The data below holds the lines to copy: everything from the line containing "New Era Youth Splash Cavalry FC Tee" to the line containing "EU/ Salvini/ Le Pen/ Wilders", both ends included, set down exactly.

== SOURCE MATERIAL ==

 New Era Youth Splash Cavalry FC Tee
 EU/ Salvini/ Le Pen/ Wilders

===
== SOURCE MATERIAL ==

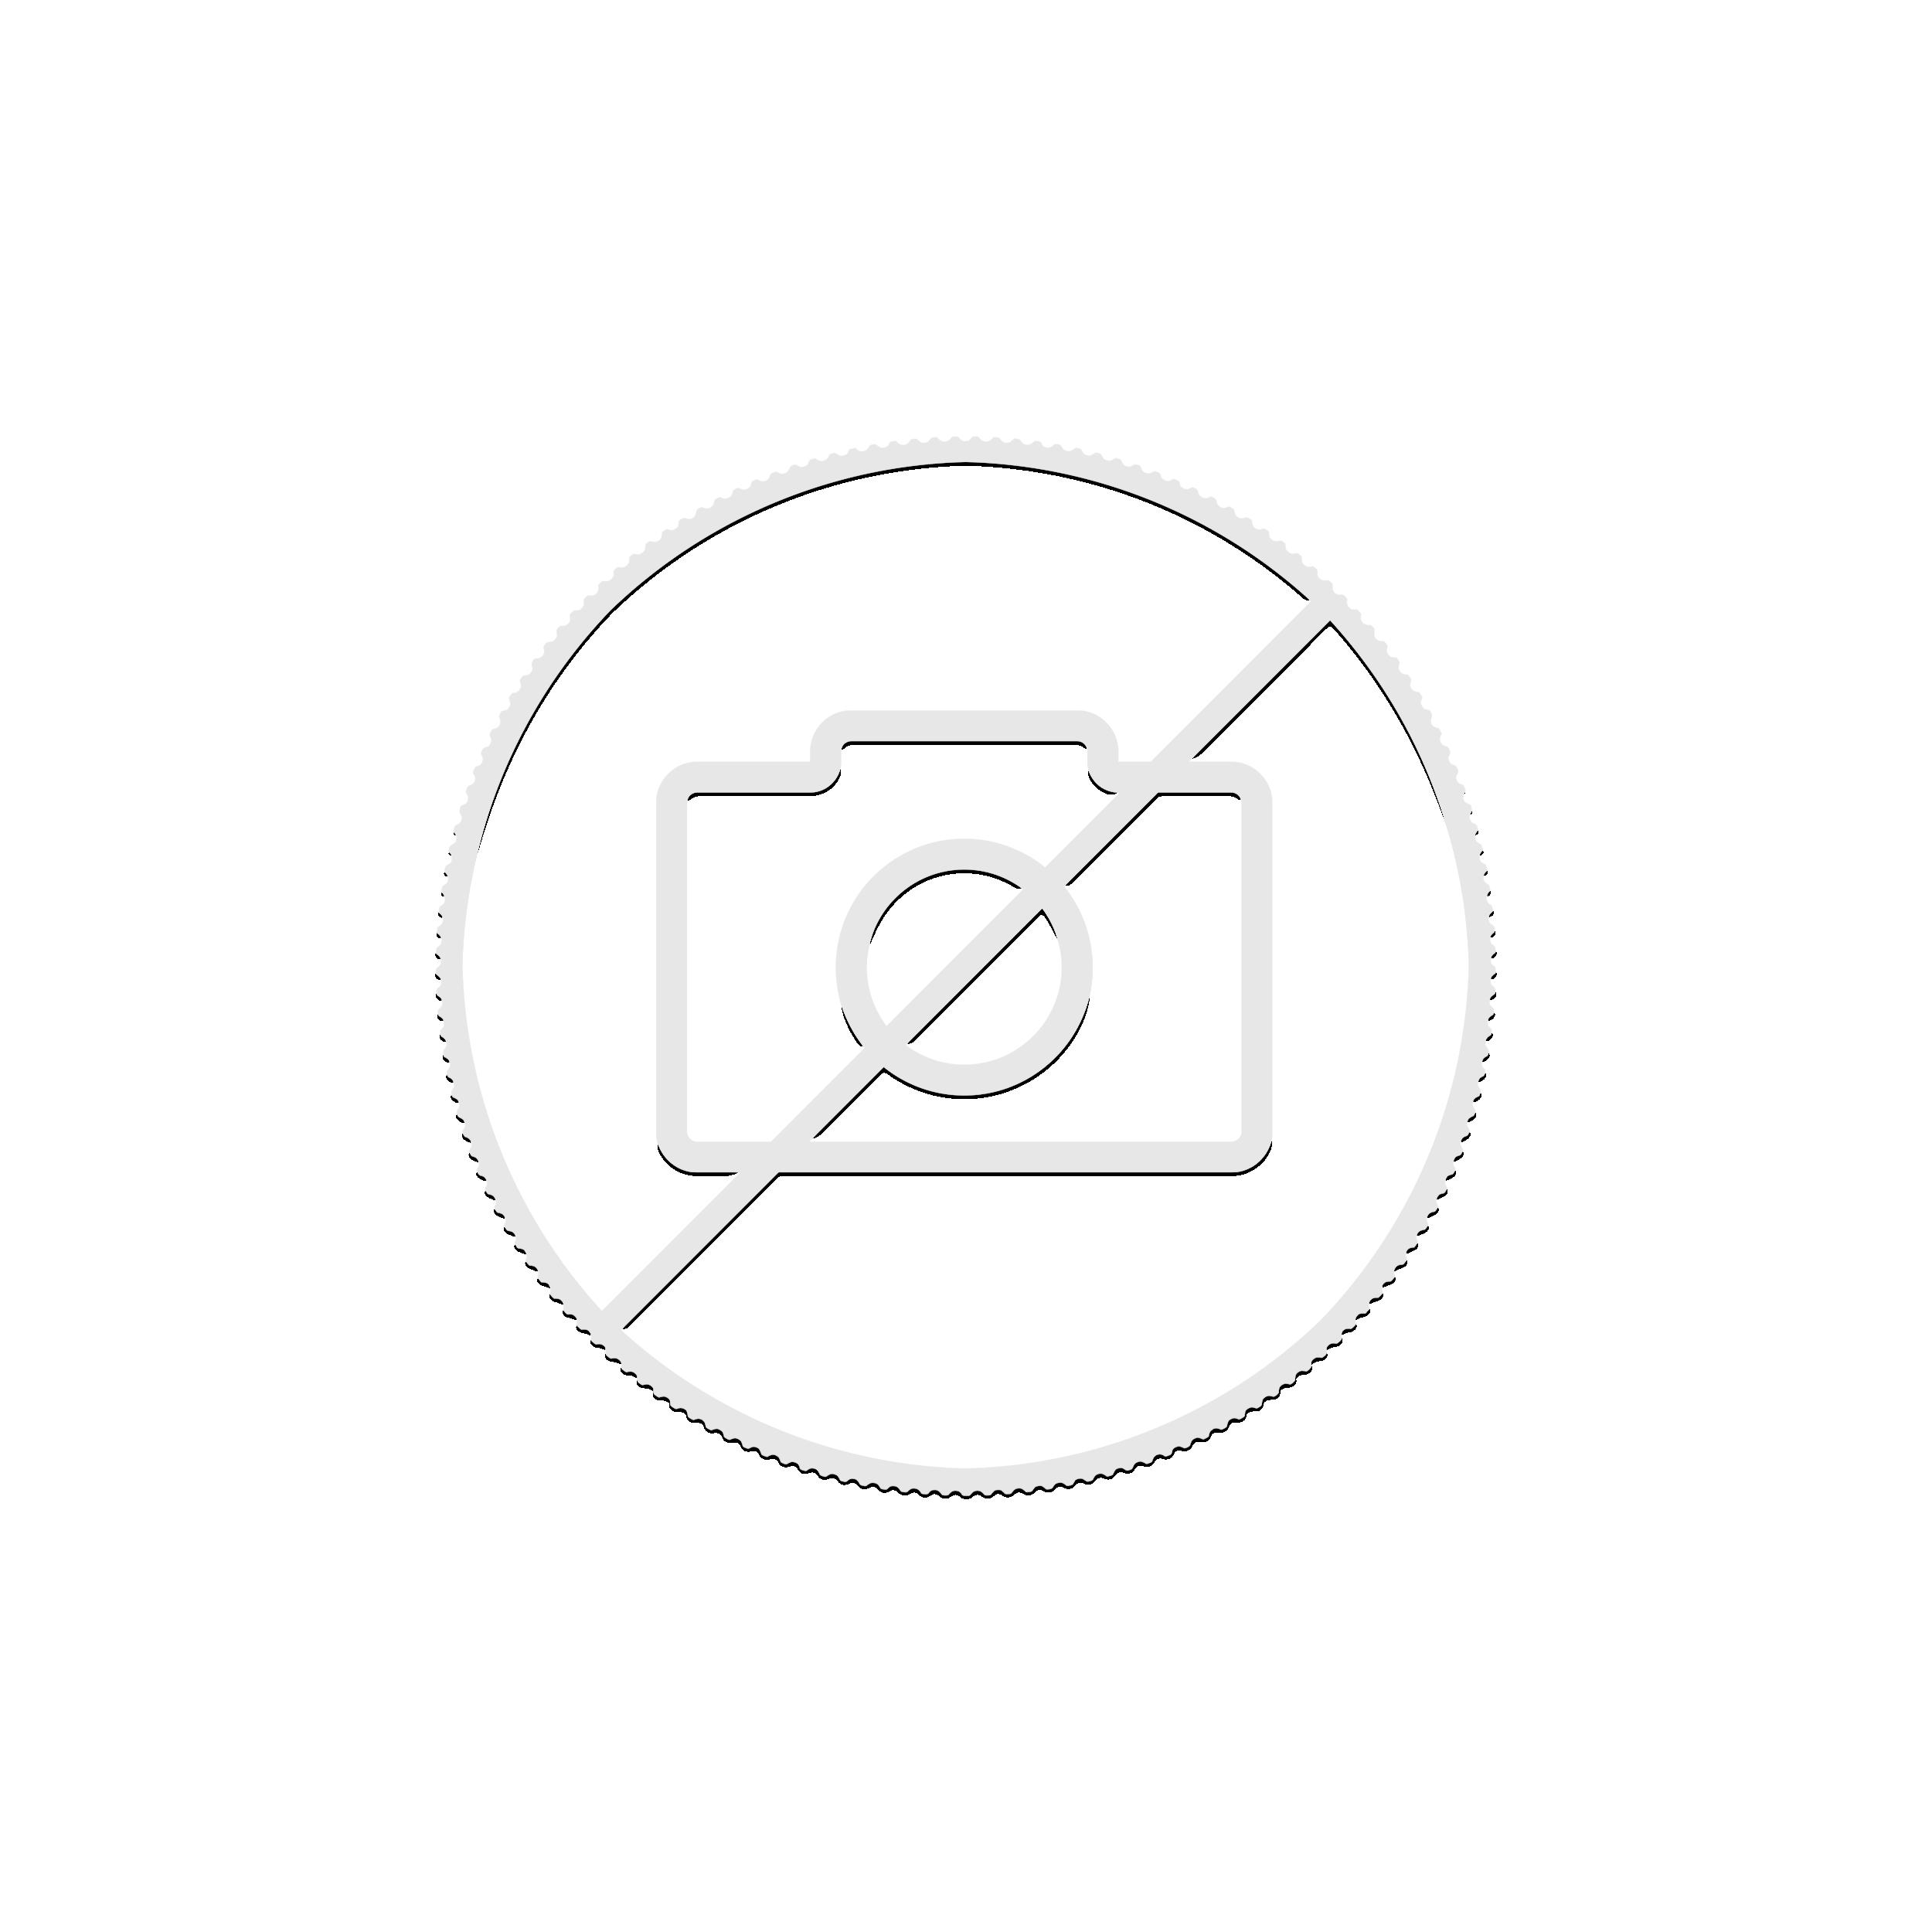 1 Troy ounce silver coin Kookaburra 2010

===

SOLUTION TO THIS TASK ->
 New Era Youth Splash Cavalry FC Tee
 EU/ Salvini/ Le Pen/ Wilders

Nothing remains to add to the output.